En ocasiones, el presente nos invita a dejar a un lado el futuro: pide toda nuestra atención a un juego electrónico o a una discusión en familia.

Otras veces, el presente nos deja “libres” para otear el horizonte y elucubrar si la semana que viene habrá buen tiempo, y si los precios de la fruta bajarán o subirán de nuevo.

Se nos invita a vivir a fondo el presente, pero el ser humano no puede dejar de dirigirse hacia el futuro, con todos sus misterios y sus promesas, con sus riesgos y sus oportunidades.

El pasado, por su parte, se mantiene como una música de fondo, al surgir con recuerdos que seguramente nos distraen de lo inmediato, pero que pueden ayudar a afrontar mejor los planes para el futuro.

No podemos borrar muchos recuerdos. No podemos poner toda nuestra atención en lo que ahora llevamos entre manos. No podemos dejar de otear el horizonte del futuro.

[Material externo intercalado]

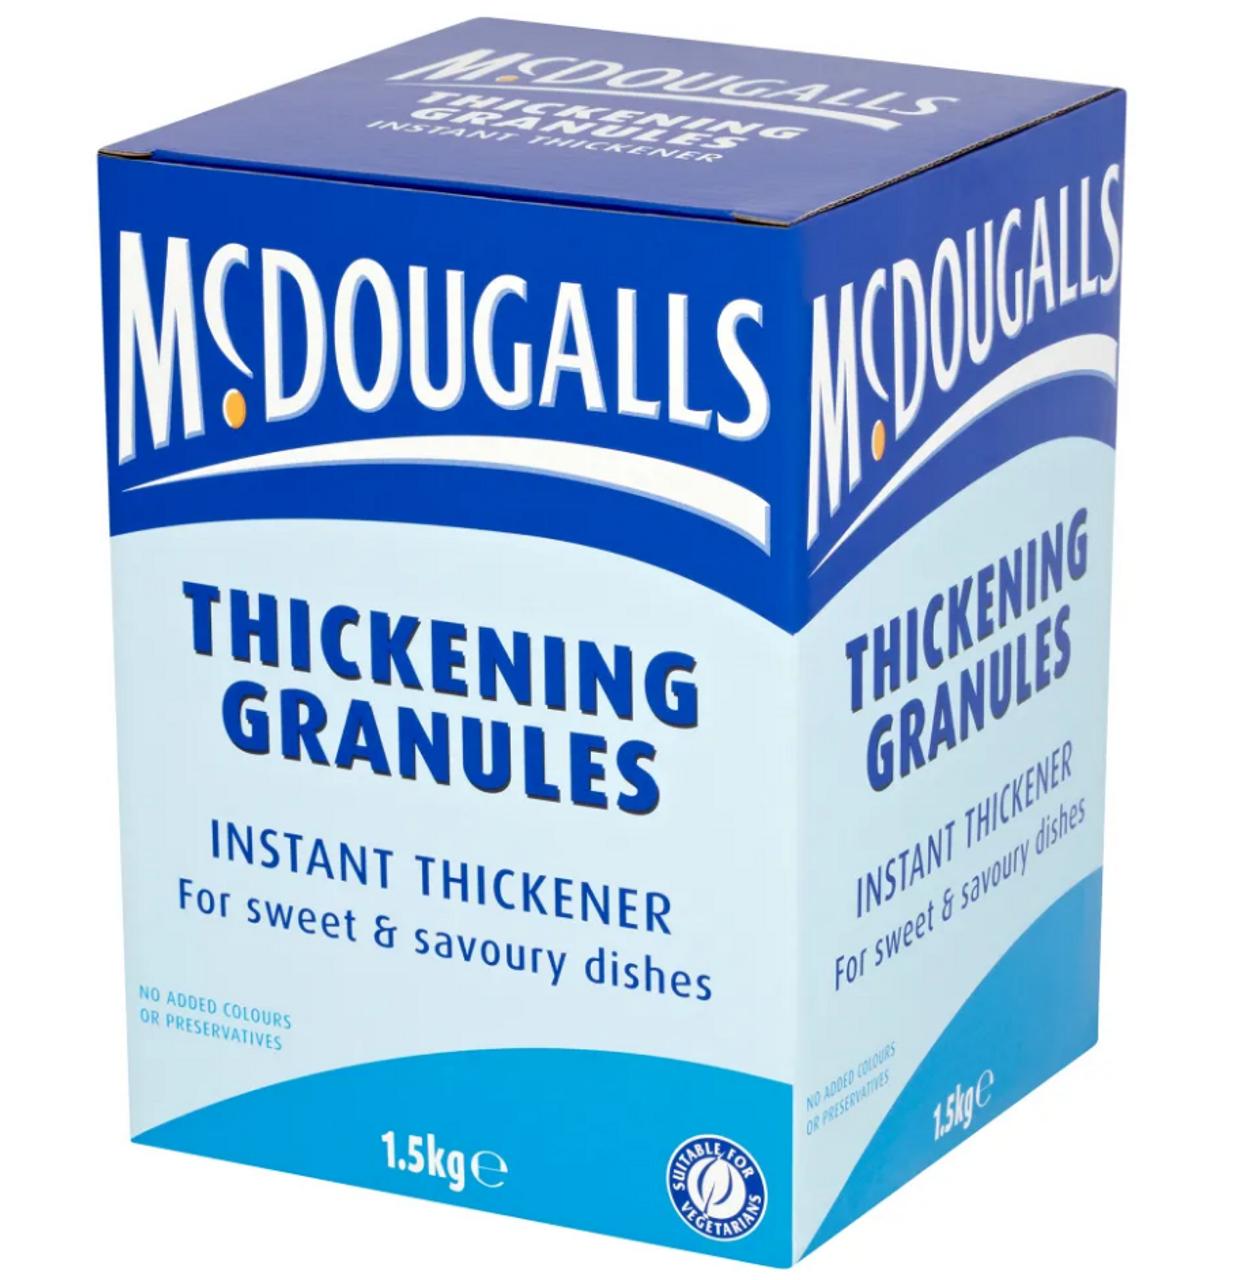 McDOUGALLS - THICKENING GRANULES - 1.5KG
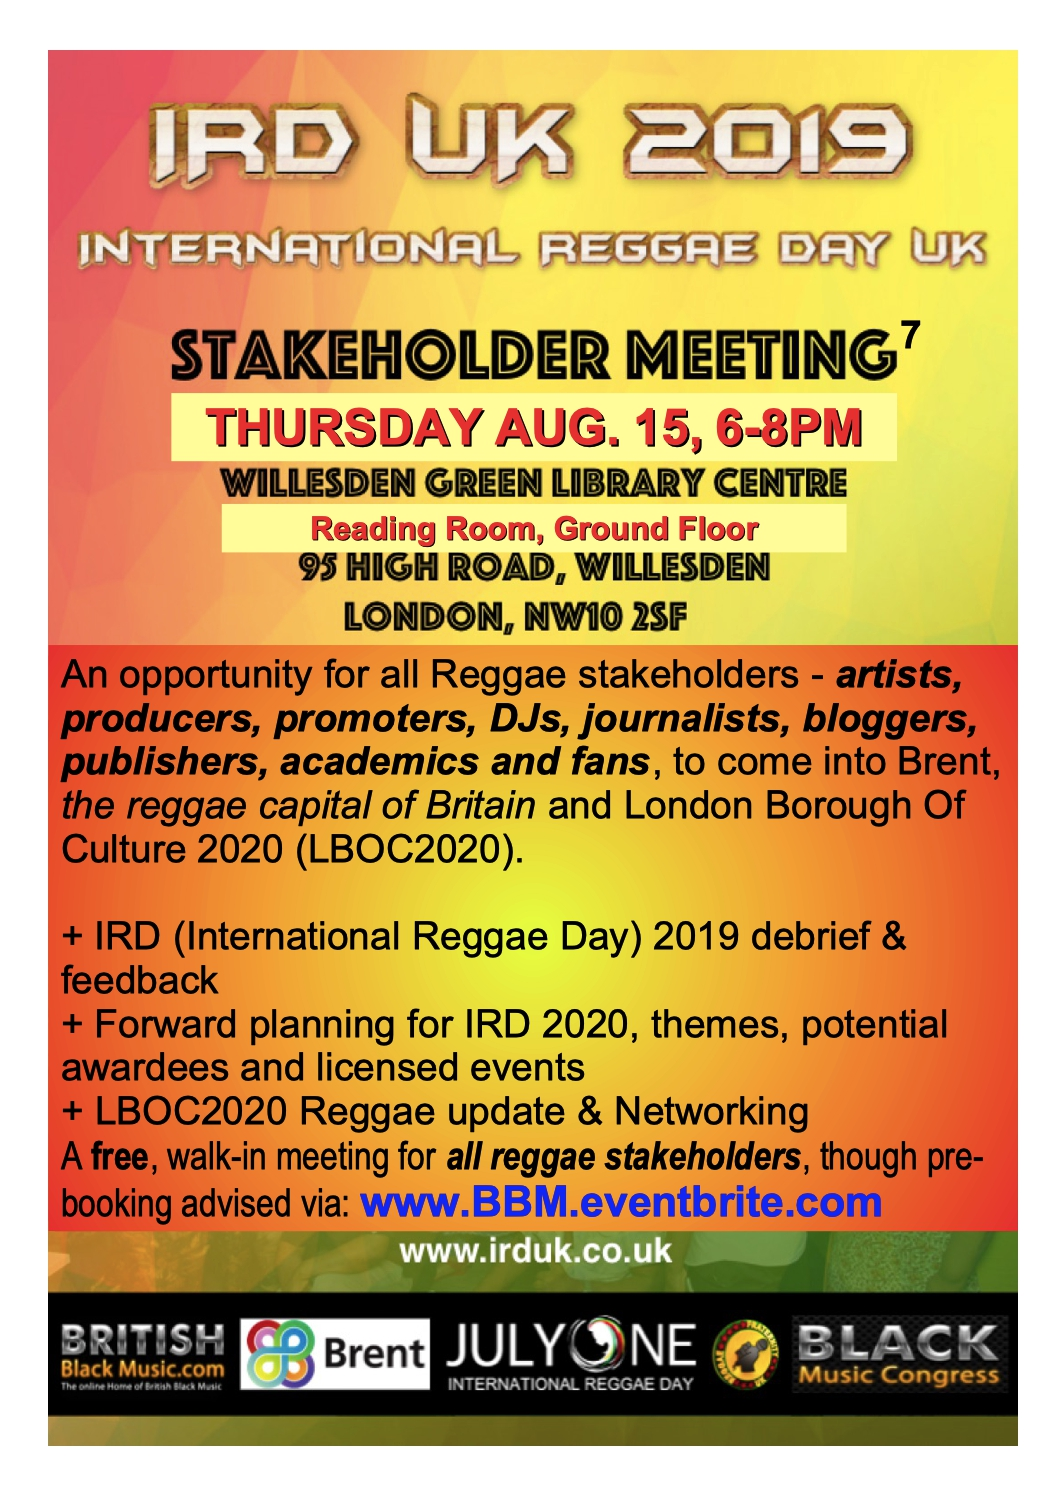 IRD STAKEHOLDER MEETING AUG 2019

Vivimos en el tiempo, en una continua “distensión” (según explicaba san Agustín) que nos hace ir “hacia atrás” o “hacia adelante”, mientras tenemos los pies en el ahora.

Lo importante, en este presente que tengo a mi disposición, es aprender a orientarme de la mejor manera posible hacia el futuro, de forma que pueda acoger imprevistos y oportunidades, y conquistar metas buenas, abiertas al amor a Dios y a los demás.